Оставив вещи, мы пошли досматривать посёлок. Мы шли по скрипучим деревянным тротуарам, мы рассматривали домики за деревянными заборами, и нам становилось всё веселее – как будто здесь повеяло той свободой, о которой в Москве пока что только говорили. Нам некуда было спешить, и никому до нас не было дела. Шум перестройки не доносился до этих мест.
Где-то вдалеке, на берегу, паслись коровы. По посёлку бегали худые злобные собаки.
Мы побеседовали с некоторыми пожилыми жителями посёлка. Мы узнали, что на расстоянии десяти километров отсюда, в лесу, есть Красная балка – место, где в прежние времена расстреливали людей, причём не только из этого посёлка, – их привозили из разных мест. Об этом здесь говорить не принято. В посёлке же раньше была тюрьма: одноэтажное здание за оврагом, где сейчас находилась лесопилка.
Мы нашли некоторых старых учительниц, которые помнили тех, кто работал в школе более тридцати лет назад. Мы поговорили с пожилой вахтёршей в гостинице, которая помнила очень многих людей и училась когда-то в этой единственной школе.
Никто из них не помнил учителя с такими именем и фамилией, которые мы назвали.
В сельской школе такого человека не было никогда.
На следующее утро мы стояли у входа в архив – деревянного, потемневшего от времени здания с полуразвалившимися ступеньками.
– У вас есть разрешение? Кто вы и откуда? Документы у вас есть?
– А что, это так важно? Сейчас всё открывается. Все архивы становятся достоянием… народа, – последнее слово Дима произнёс с натяжкой.
– Это у вас там, в Москве, они чем-то становятся. А у нас пока всё по-старому. Я никаких распоряжений не получал. Если направления нет – ничем помочь не могу! Если мне из области позвонят, тогда я ещё подумаю.
Краеведческий музей оказался более приветливым. Занимал он, правда, всего две маленькие комнатки в маленьком кирпичном домике. В одной стояли чучела птиц, очевидно, когда-то водившихся в этих краях, в другой располагались стенды с фотографиями и вырезками из старых советских газет.
Некоторые стенды были пусты.
Маленькая полная женщина, дежурная музея и она же экскурсовод, вела нас от экспоната к экспонату, не скрывая, со своей стороны, любопытства к нам.
Во второй комнате в центре большой экспозиции была помещена фотография темноволосого, красивого человека средних лет с прямым открытым взглядом и с ироничной улыбкой.

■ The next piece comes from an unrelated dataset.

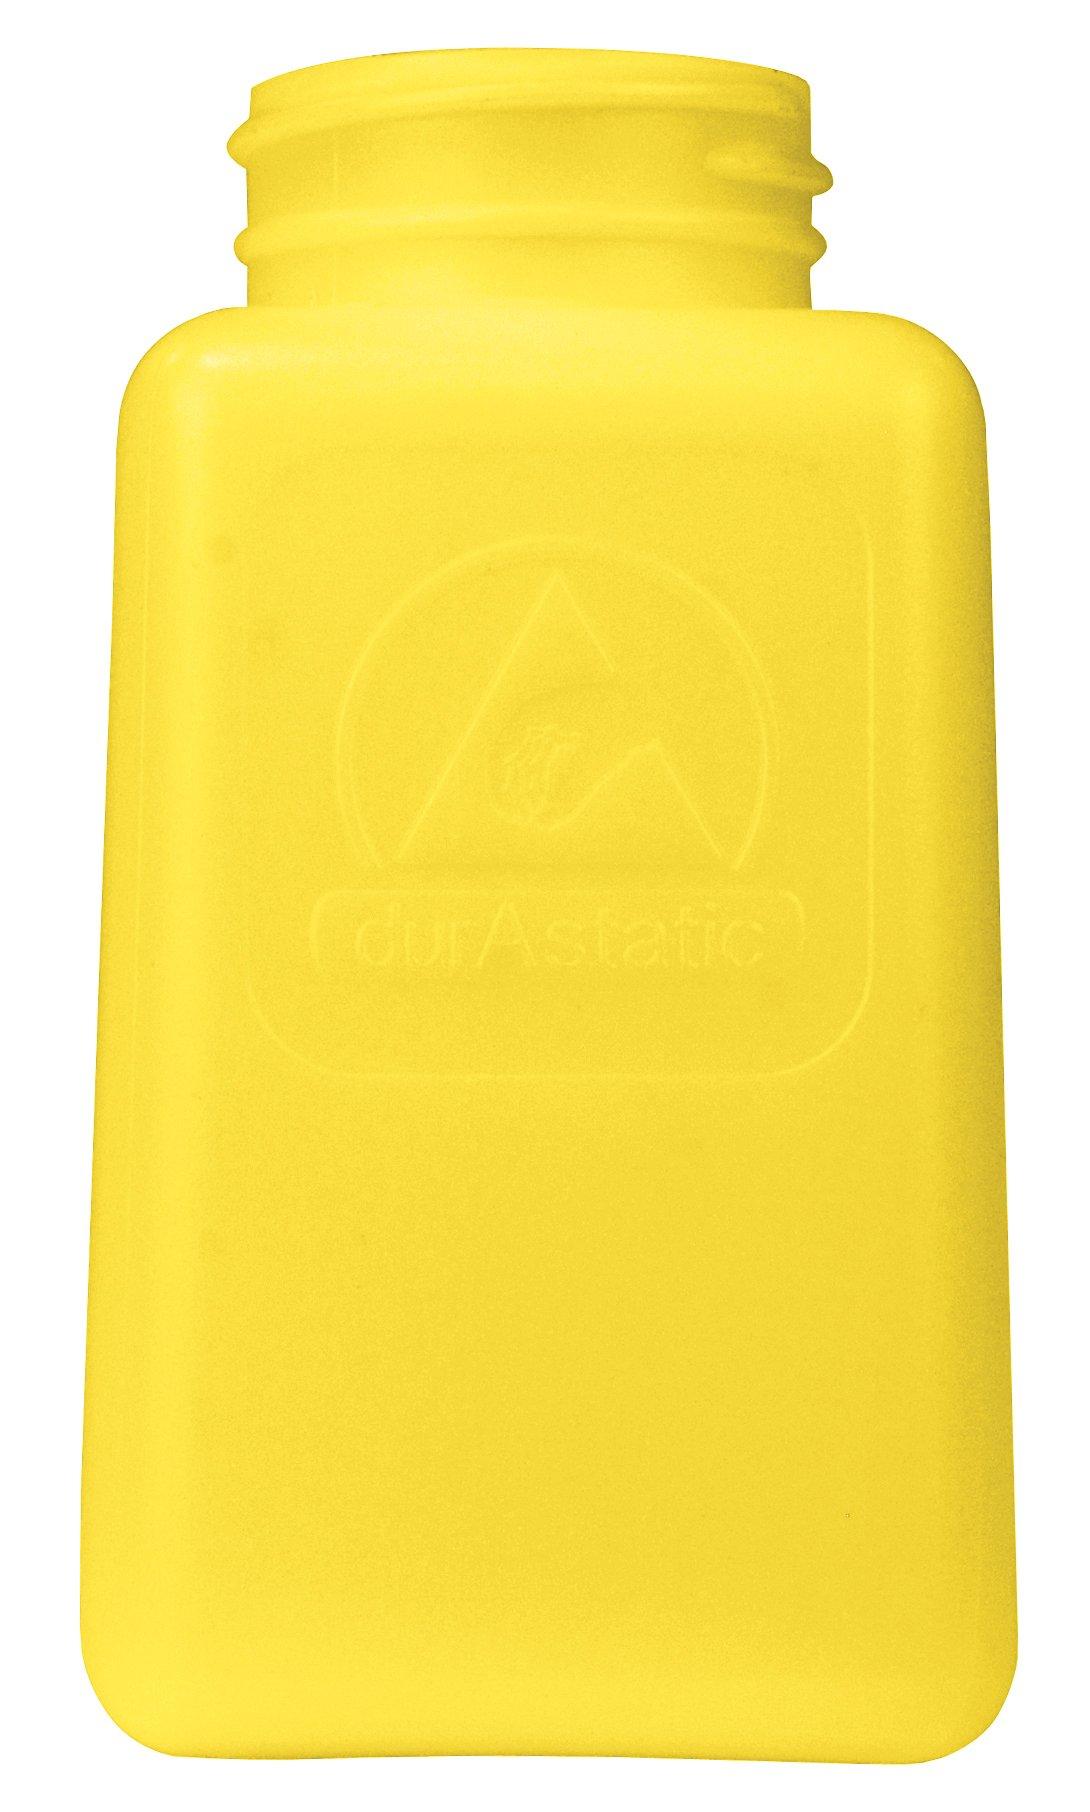 Bottle, 6 oz, Yellow

Мне показалось, что я где-то видела его.
– Это гордость нашего края, Аркадий Николаевич…
Она назвала фамилию Димы.
Казалось бы, в этом не было ничего удивительного: многие жители поселка носили эту фамилию.
– Этот человек стоял у истоков советской власти в нашем районе, – продолжала она холодным бесстрастным голосом. – Сначала комиссар, рядовой работник ВЧК, он возглавлял борьбу с контрреволюцией в наших местах. Потом принимал активное участие в раскулачивании. Его жизнь оборвалась трагически в сорок шестом году…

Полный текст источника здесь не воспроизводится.